II. Dünya Savaşı’nda, Alman orduları, Ekim 1941’de Kırım’a girdi. Tatarların bir kısmı, Bolşevik rejiminden Naziler sayesinde kurtulacakları ümidine kapıldı; onlara yardım etti. Ama daha büyük bir kısmı, kendileri açısından, Alman faşizmi ile Rus Bolşevizmi arasında bir fark olmadığını gördü.
Mücadelelerini Rusya saflarında devam edenler de vardı.Örnek olarak Kırım Türklerinin Kırım’daki 7 tugayın 2’sinde ve 28 bölüğün 10’unda komutanlığı ellerinde bulundurmaları gösterilebilir. Bir diğeri ise, savaş sırasında yaklaşık 30 Alman uçağını düşüren ve bu kahramanlıkları dolayısıyla iki defa “Sovyetler Birliği Kahramanı” unvanı verilen Ahmet Han Sultan…
Ama bütün bunlara rağmen, Slav milliyetçilerince Kırım Türklerinin Almanlarla işbirliği yaparak “vatana ihanet ettikleri” yalanı sürekli işlendi. Bununla psikolojik zemin hazırlandı ve Kızıl Ordunun Kasım 1943’te, Stalingrad’da, Almanları mağlup edip Kırım’a hâkim olmasıyla (10 Nisan 1944) da büyük trajedi başlatıldı. Sadece 3 gün içinde, Tatarların tamamı Özbekistan’a sürüldü (18 Mayıs 1944).

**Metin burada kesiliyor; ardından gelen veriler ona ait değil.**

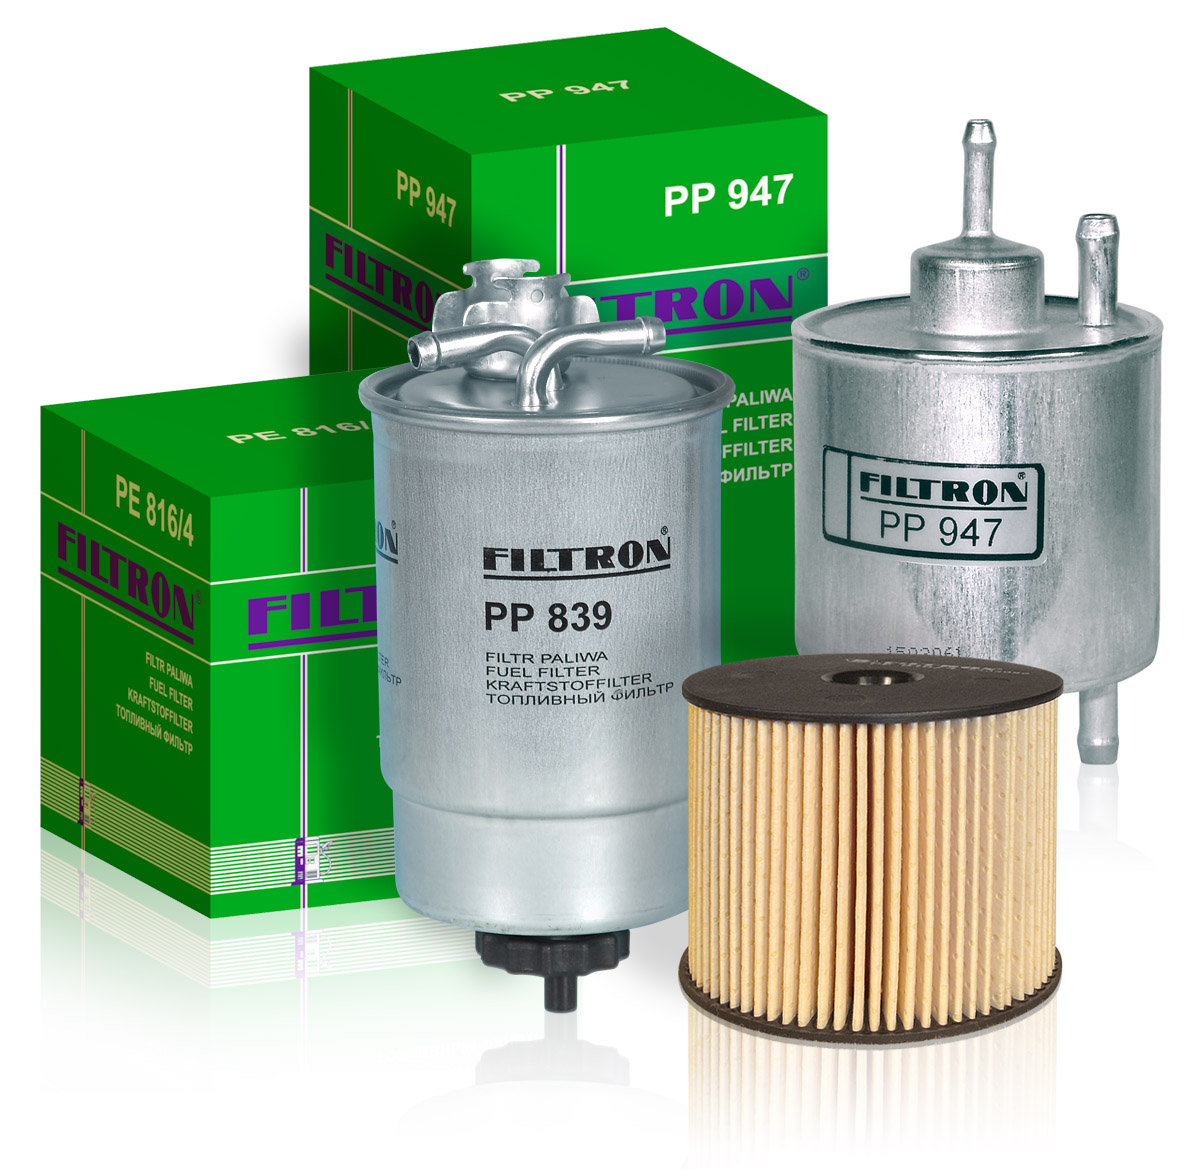 Фильтра для очистки дизеля. FILTRON pp969 фильтр топливный. FILTRON pp857. Pp853 FILTRON. PP 857/1 фильтр топливный.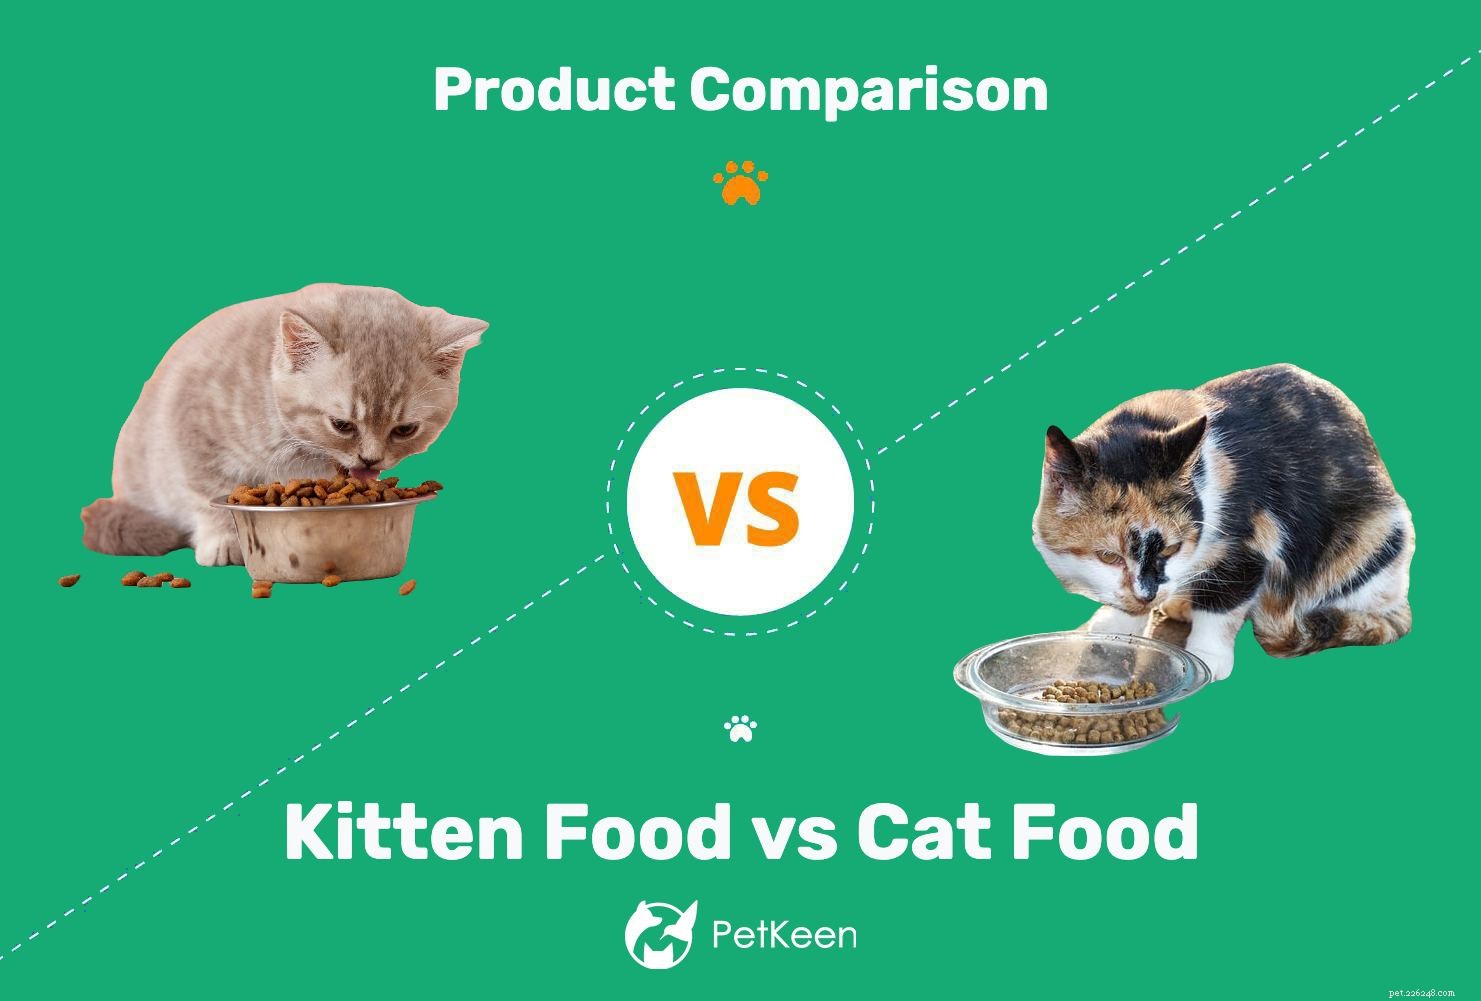 Cibo per gatti e cibo per gatti:c è differenza? (Pro e contro)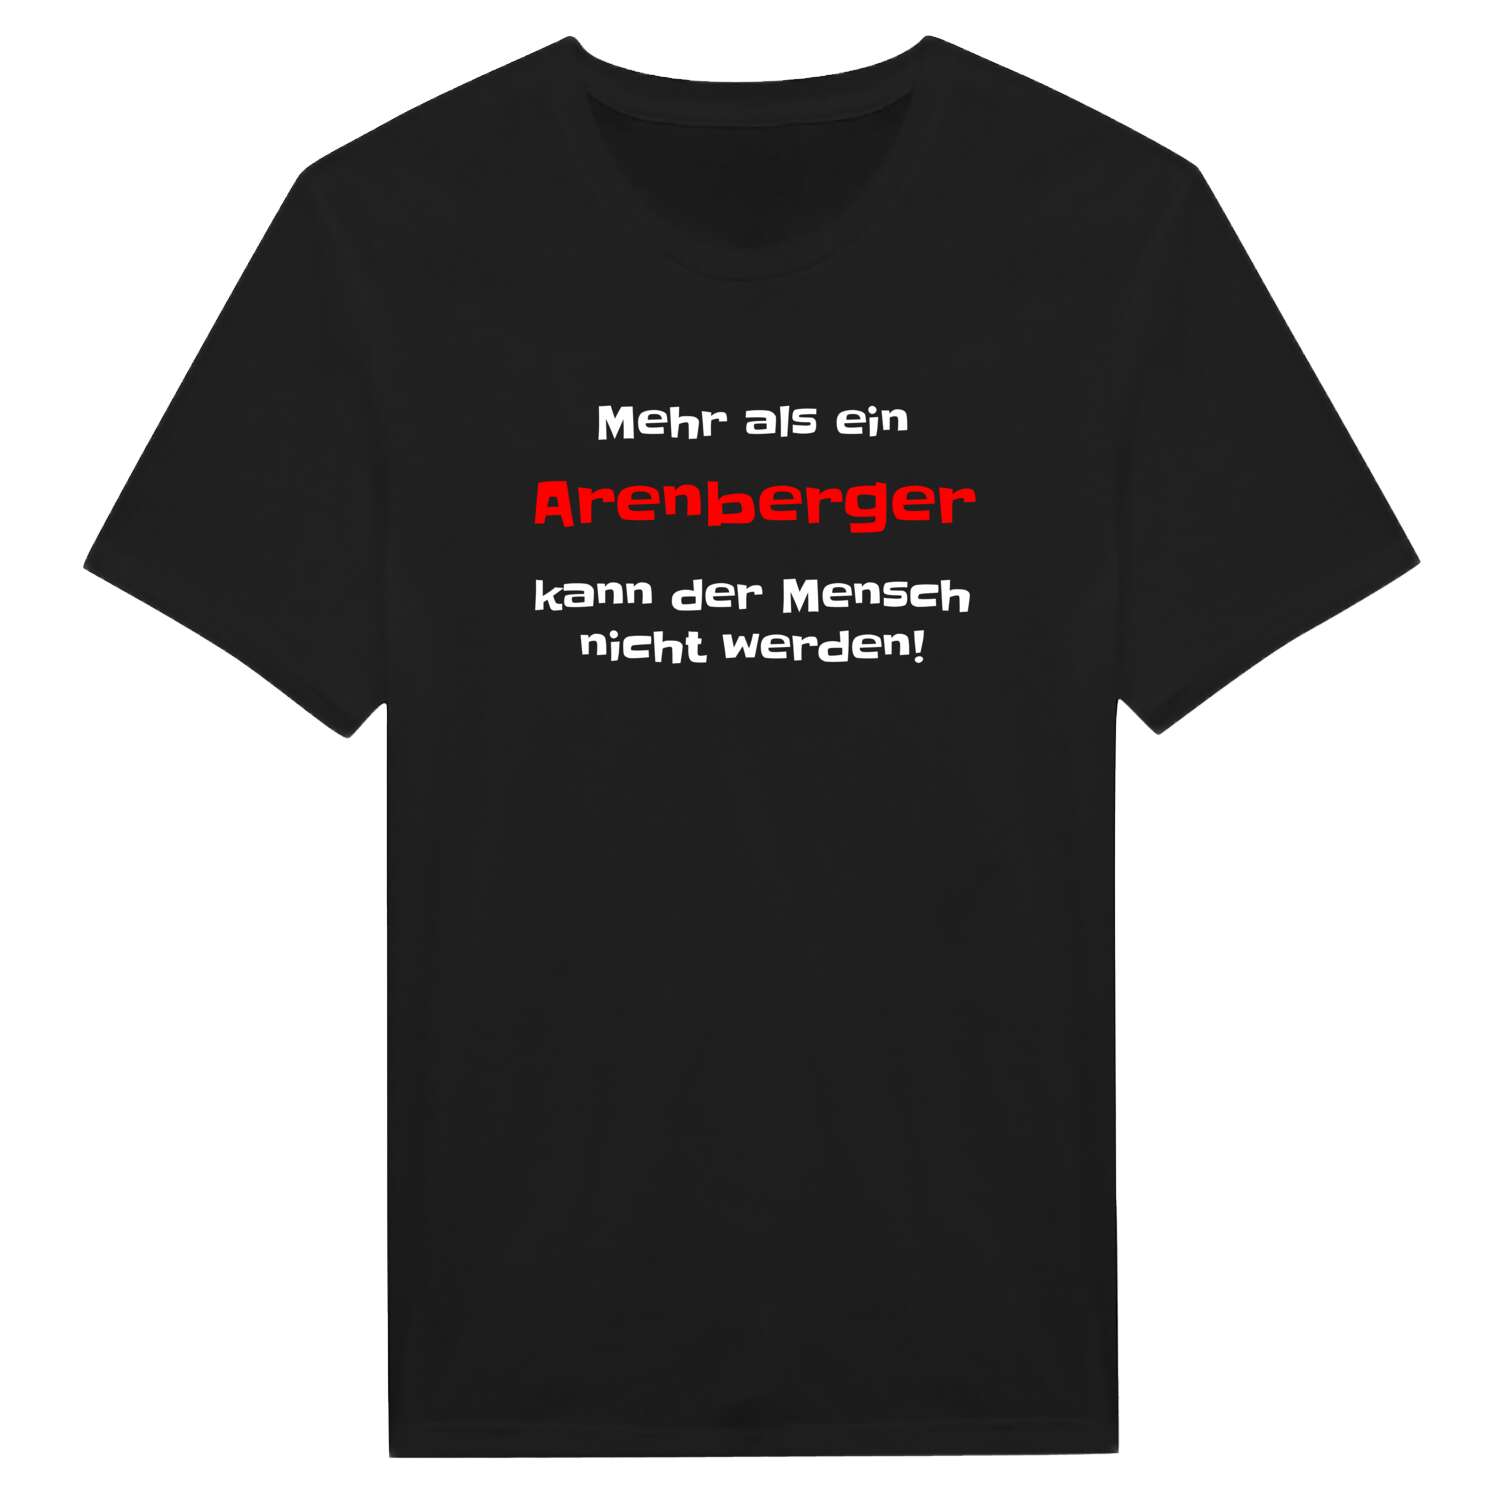 Arenberg T-Shirt »Mehr als ein«

Yetişkin erkeklerin çoğu Sovyet ordusunda görev yaptığı için, geride kalanlar yani kadınlar, çocuklar, yaşlılar gece vakti uykularından uyandırıldılar ve 15 dakika içinde yalınayak, başıkabak, ite kaka yollara döküldüler. Sürgüne gönderilen 112.700 çocuktan 60.034’ü, 93.200 kadından 40.085’i, 32.600 erkekten 12.061’i hayatını kaybetti.
Kırım’daki Türk varlığının yok edilmesi için mezar taşları bile yerlerinden söküldü. Marksist-Leninist eserler de dâhil olmak üzere Kırım Türkçesi ile yazılan binlerce kitap yakıldı.

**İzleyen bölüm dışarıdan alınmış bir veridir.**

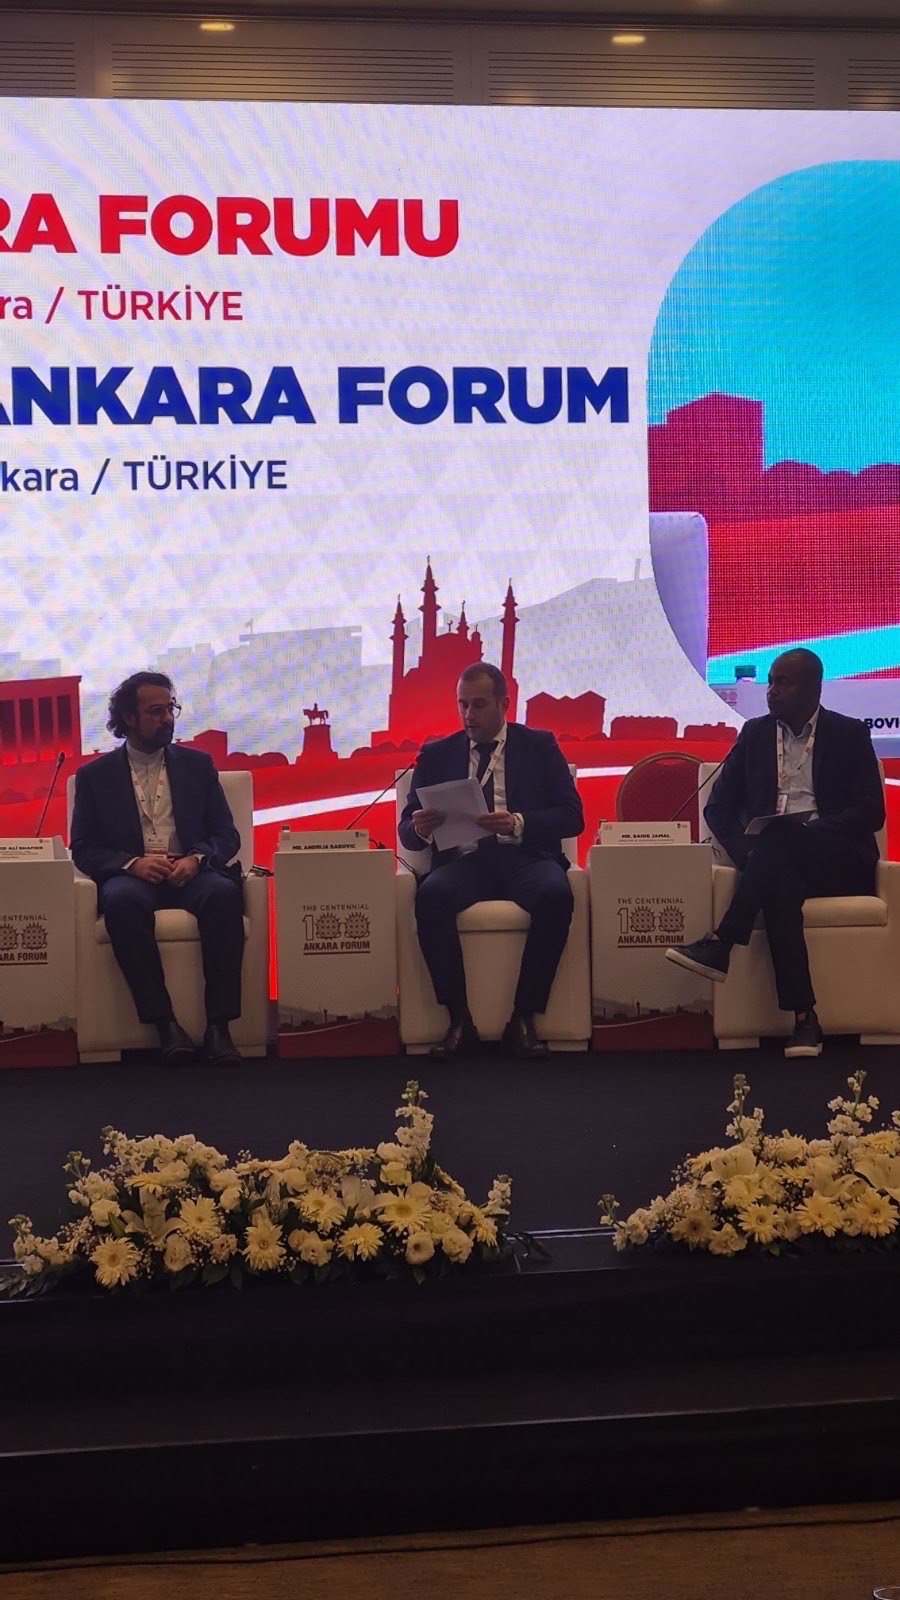 Rješenja o upravljanju otpadnim vodama predstavljena na forumu u Ankari

Sonraki yıllarda verilen geri dönüş mücadelesi ise trajik olaylarla doludur. Mesela; 35 yaşındaki Fevzi Seydaliyev’in bin bir zorlukla dönmüş olduğu ata toprağından zorla dışarı çıkarılması sonrası Moskova’ya giderek Kızıl Meydan’da protesto gösterisi yapmaya kalkması neticesinde tutuklanması ve atıldığı Dnepropetrovsk şehir hapishanesinde öldürülmesi (19 Ekim 1968)… 46 yaşındaki üç çocuk babası Musa Mamut Kırım’ın ise döndüğü eski köyündeki (Beşterek, Donskoe) evinden çıkarılınca çocuklarının ve mahalli Sovyet yetkililerinin gözleri önünde, üzerine benzin dökerek kendini yakması (23 Temmuz 1978)…
Şimdi…
Kendini koyu Müslüman zanneden kimileri “Yaa, zafer, şarkıcıyla, türkücüyle mi kazanılacak, cihat dururken?” filan da diyebilir; desin. Ben de onlara “Hiç olmazsa, ‘düşmanın silahıyla silahlanın’ özdeyişini hatırlayın” derim. Anlayan anlar, anlamayana Bokoharam’ı, IŞİD’i, El Kaide’yi, Taliban’ı vesaire söylemem bile!
Sağolasın “güzel” Cemile. Vatan sana minnettar.